Портрет огнем - Лев Кассиль
Шрифт:
Интервал:
Закладка:
Парень замолчал, вынул кисет, свернул цигарку.
– Мда… Словом, опять паника… Да… Пришла, значит, все-таки. Приехали домой, а я в хату не захожу, стал на пороге и сказал то, что сдавна задумал: "Вот, Ольга, давай с ходу решать вопрос – или в семейный дом мне войти, или бобылем по моему теперешнему положению быть. Остаешься со мной – не возражаю, сама чувствуешь. Не хочешь дальше быть – уходи. Только сейчас же собирай вещи и уходи, пока я в хату не зашел". А она: "Никуда я от тебя, Петя, не пойду…" Ну и, конечно, еще многое сказала. Только это я, извиняюсь, пересказывать не стану. Эти слова самые дорогие. Такие слова в себе держишь, такие слова вдвоем говорят, с третьим не передают. Ну, и остались мы вместе. Все думал я, за какое дело взяться. Силы много, здоровье есть. А чего без глаз сделать можно? А брат – еще был старший – как провожали на фронт, гармонь свою оставил. Взял я, подучился малость – ничего, вроде получается. Слух у меня к музыке очень способный. А тут в Ессентуках школа военно-ослепших открылась, и как раз по баяну в класс принимают. Поступил, учиться стал. А вот теперь и зачеты сдал и еду на побывку домой, к жинке. И читать научился по-слепому, пальцами – теперь такие книги выпускают. Недавно Льва Толстого про "Войну и мир" все прочел. Шестнадцать книг вот такой толщины, потому что буквы-то крупные, пупырышками, выдавленные. Вот, скажи на милость, раньше глаза были, так читать все некогда было, а теперь без очей, да книгочей!
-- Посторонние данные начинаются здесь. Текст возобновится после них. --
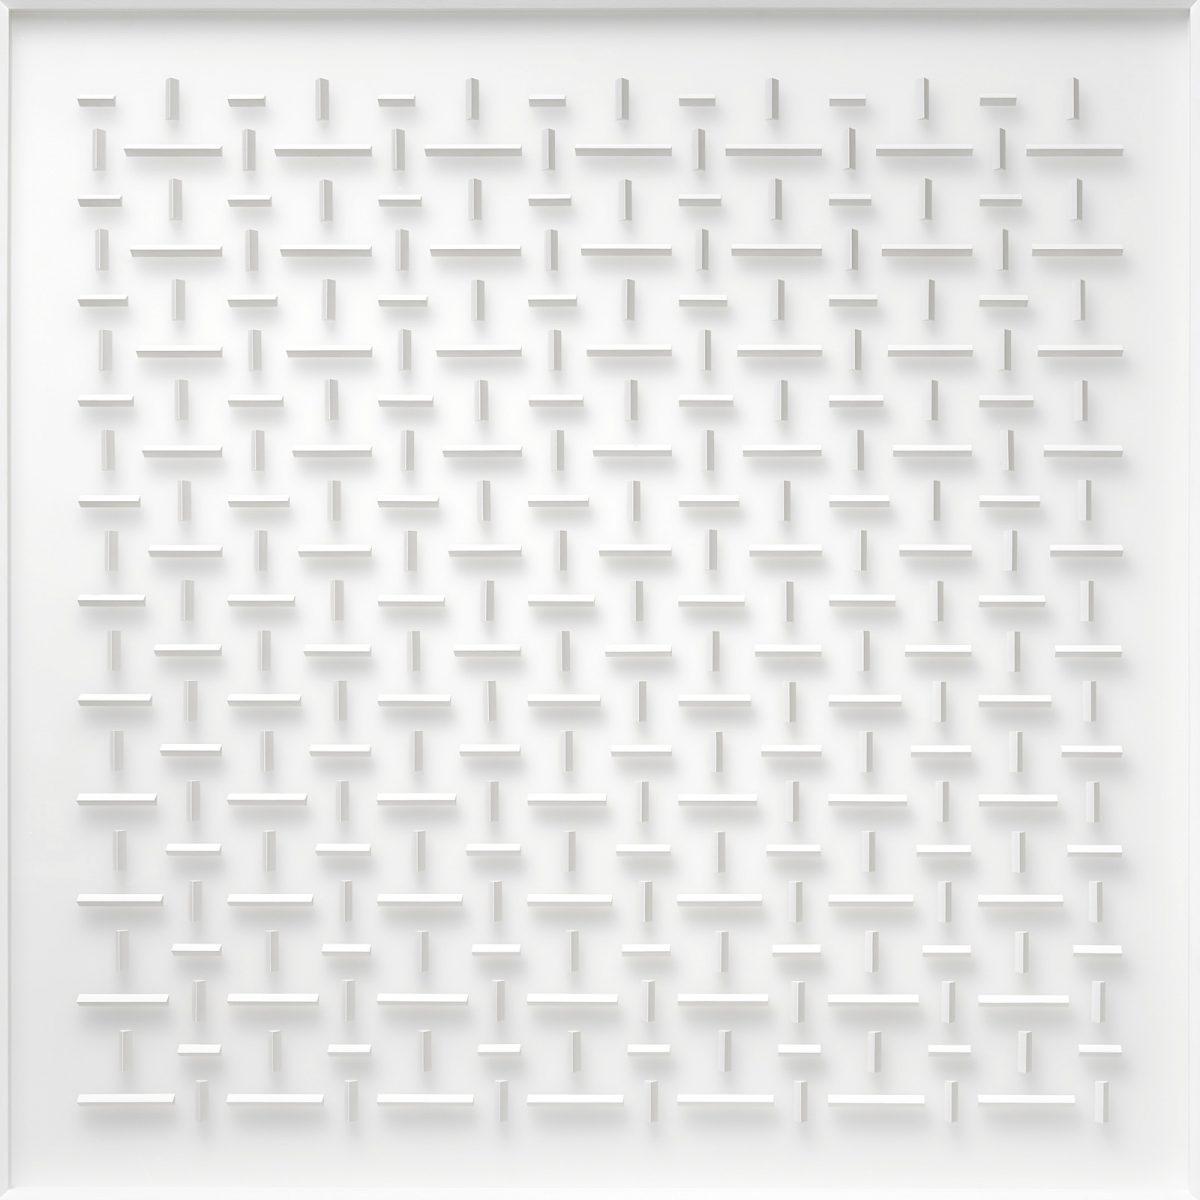 19 Klaus Staudt, übereinstimmend, 2017, 120 x 120 x 7cm, Holz, Acrylfarbe, Plexiglas; Foto: Norbert Miguletz

И он засмеялся хорошим и светлым смехом. И все вокруг заулыбались охотно и с облегчением.
– А баян-то при тебе? – спросила колхозница. – Сынок, ты б сыграл, показал бы нам, чему научился. А мы послушаем.
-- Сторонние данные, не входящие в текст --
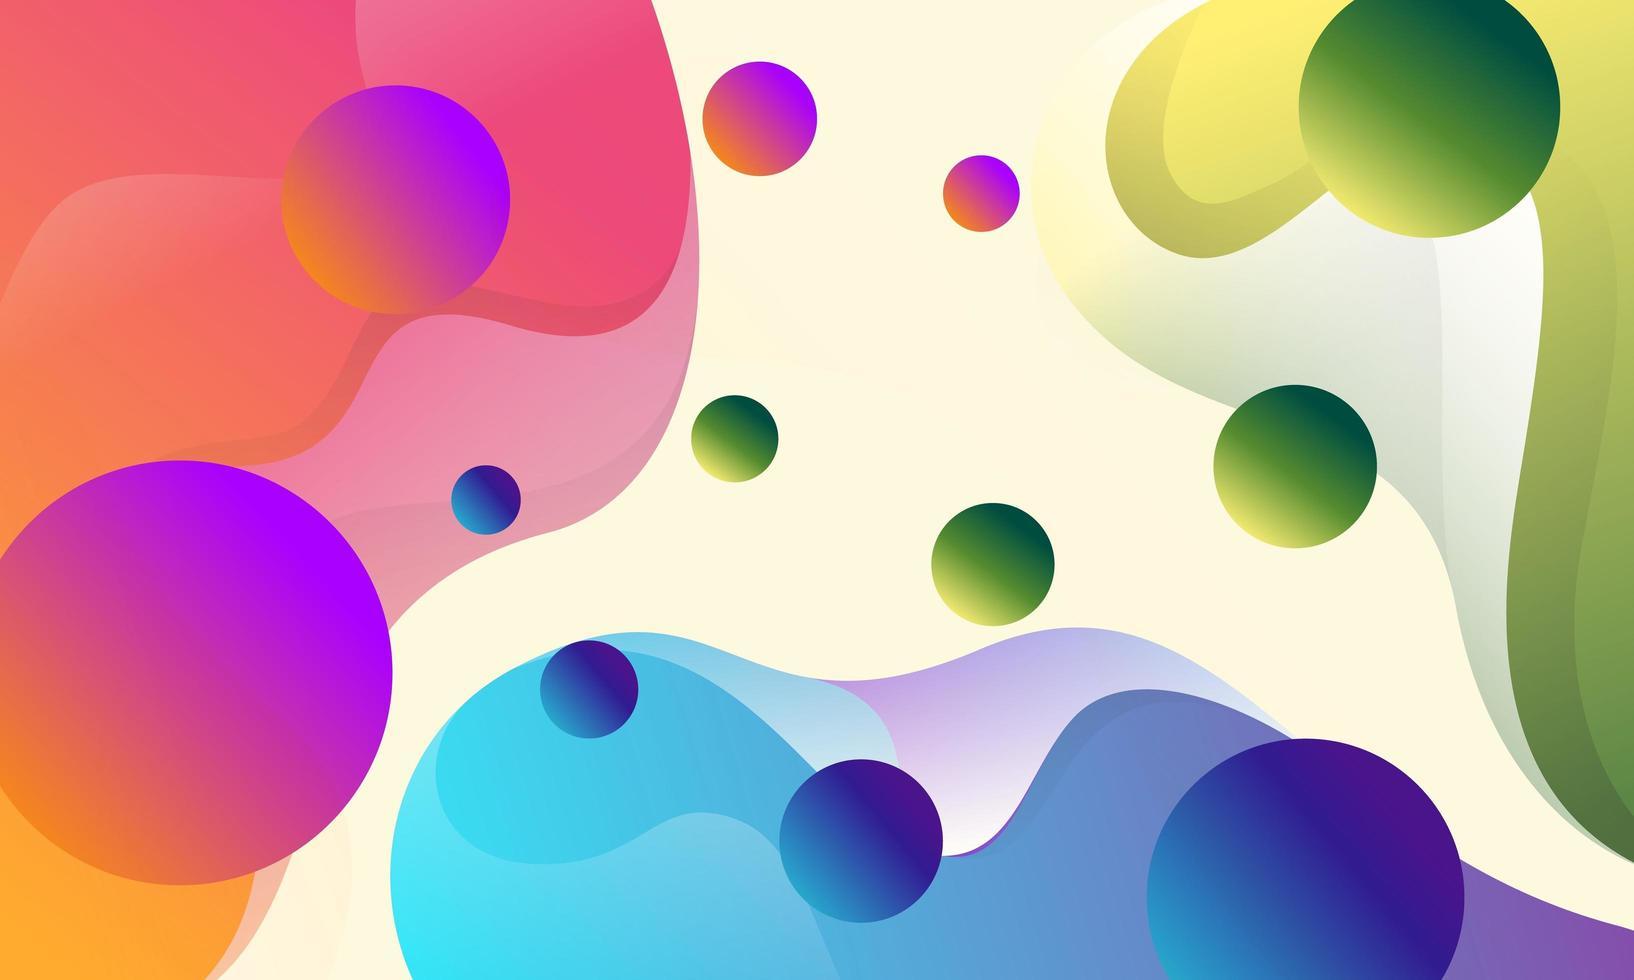 abstracte kleurrijke stroom vormen achtergrond vector

– Очень даже просим,– откликнулся молчаливый пассажир с верхней полки.
– Что ж, если просьба такая, то с моим удовольствием. Я в Ессентуках уже по радио выступал, а теперь в клуб работать зовут,– сказал парень, поднялся и достал с багажной полки тяжелый футляр с баяном.
Он вынул инструмент, бережно обтер его чистым платком, вдел плечо в ремень, еле слышно прошел по ладам, пригнув голову, прислушался, широко развел мехи баяна, и вдруг нетерпеливые пальцы его частым и звучным перебором промчались по всей клавиатуре до самых басов; он рванул мехи – глубокий и властный аккорд пронесся по вагону и замер,..
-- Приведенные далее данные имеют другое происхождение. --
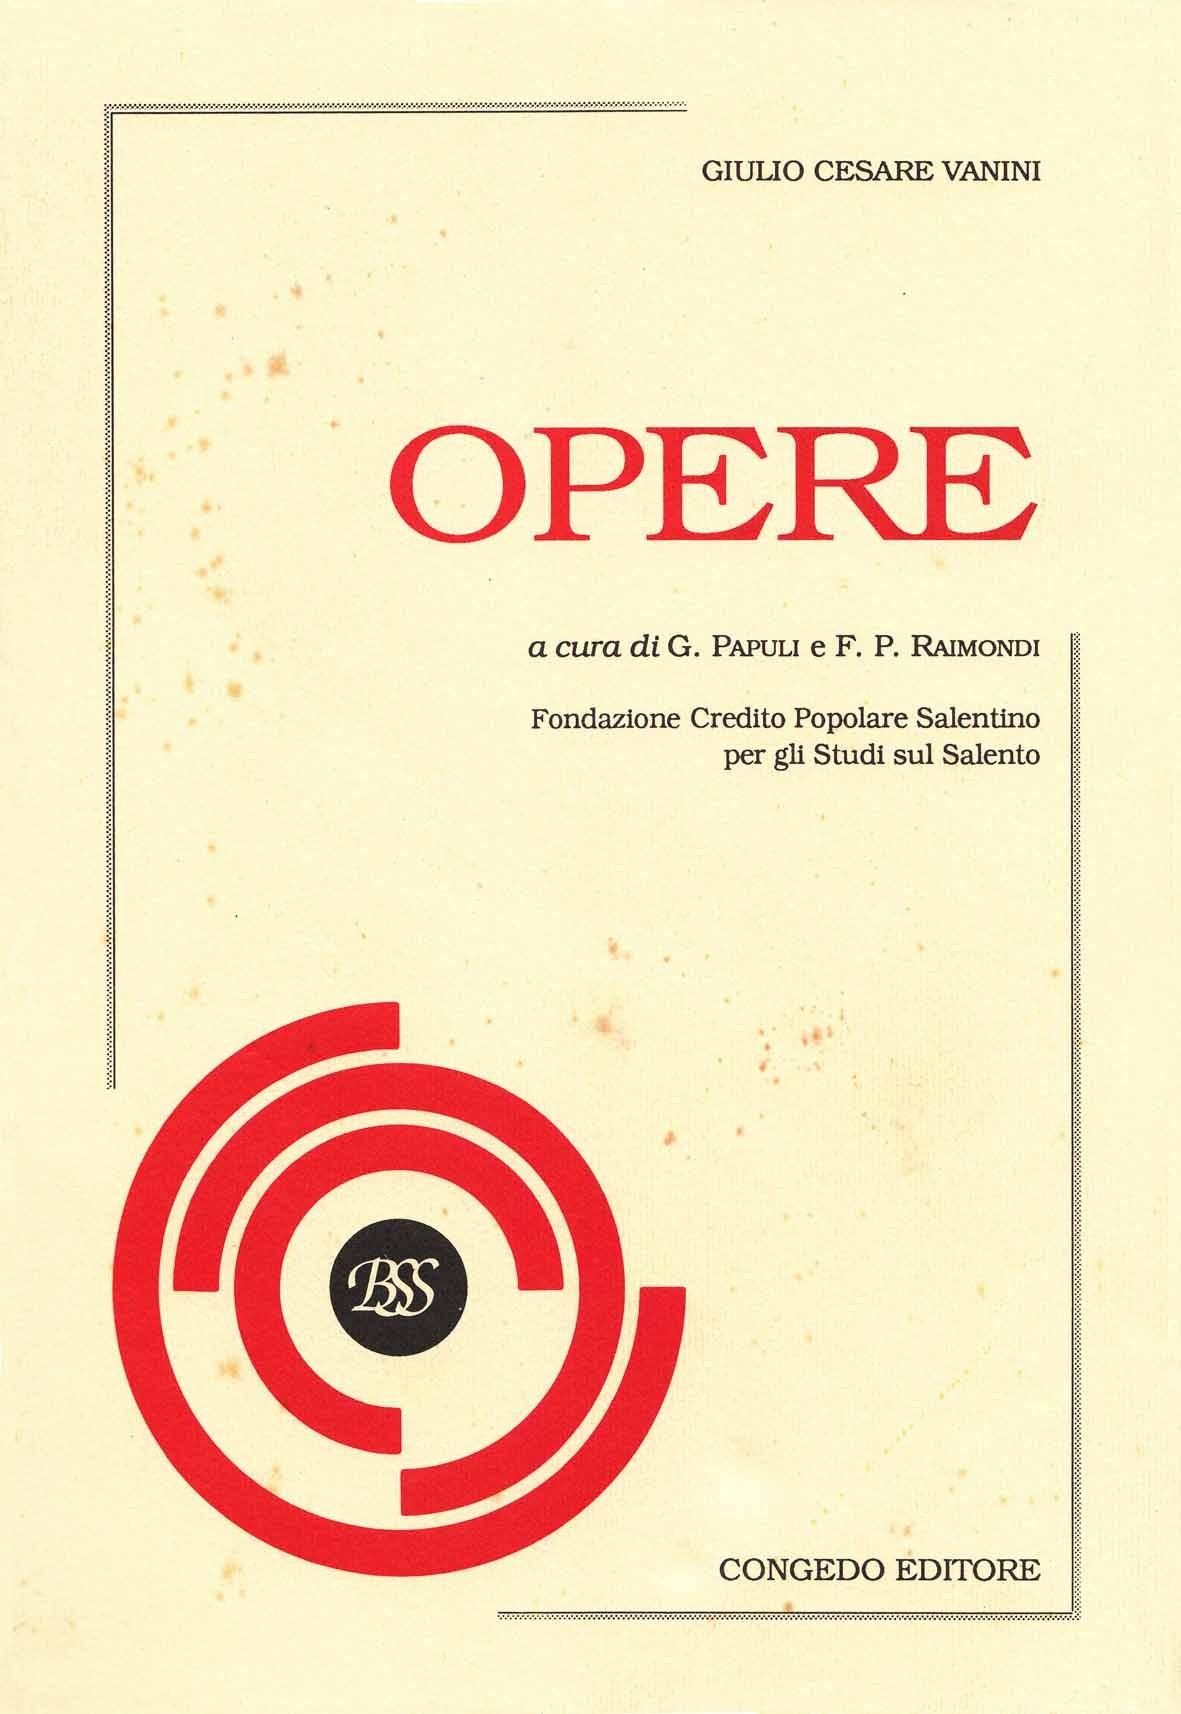 Opere (Giulio Cesare Vanini)

– По лестнице каблучками топ-топ-топ вниз… На вокзале тогда… жинка… Да так и кинулась,– застенчиво пояснил он, сам прислушиваясь к бегучим звукам баяна, и лицо его засветилось. Откинувшись чуточку, он вздохнул во всю грудь, отвел немного правую руку назад и вдруг рывком, с удалью и во весь замах грянул лихую казацкую плясовую… Отгремел плясовую, заиграл душевный вальс, потом военную песню.
Хорошо играл парень. Баян его то тихо плакался о чем-то бесконечно дорогом и безвозвратно утраченном, то гордо и страстно трубил на весь белый свет о том, как светла и непобедима душа человека, если верит он в силы свои, если знает он, что и другим людям от него есть толк. Тихо слушали пассажиры баяниста. Только изредка вздыхал кто-нибудь или, когда выводил парень немыслимо хитрое и крутое коленце, крякал да, не удержавшись, бил каблуком в пол вагона.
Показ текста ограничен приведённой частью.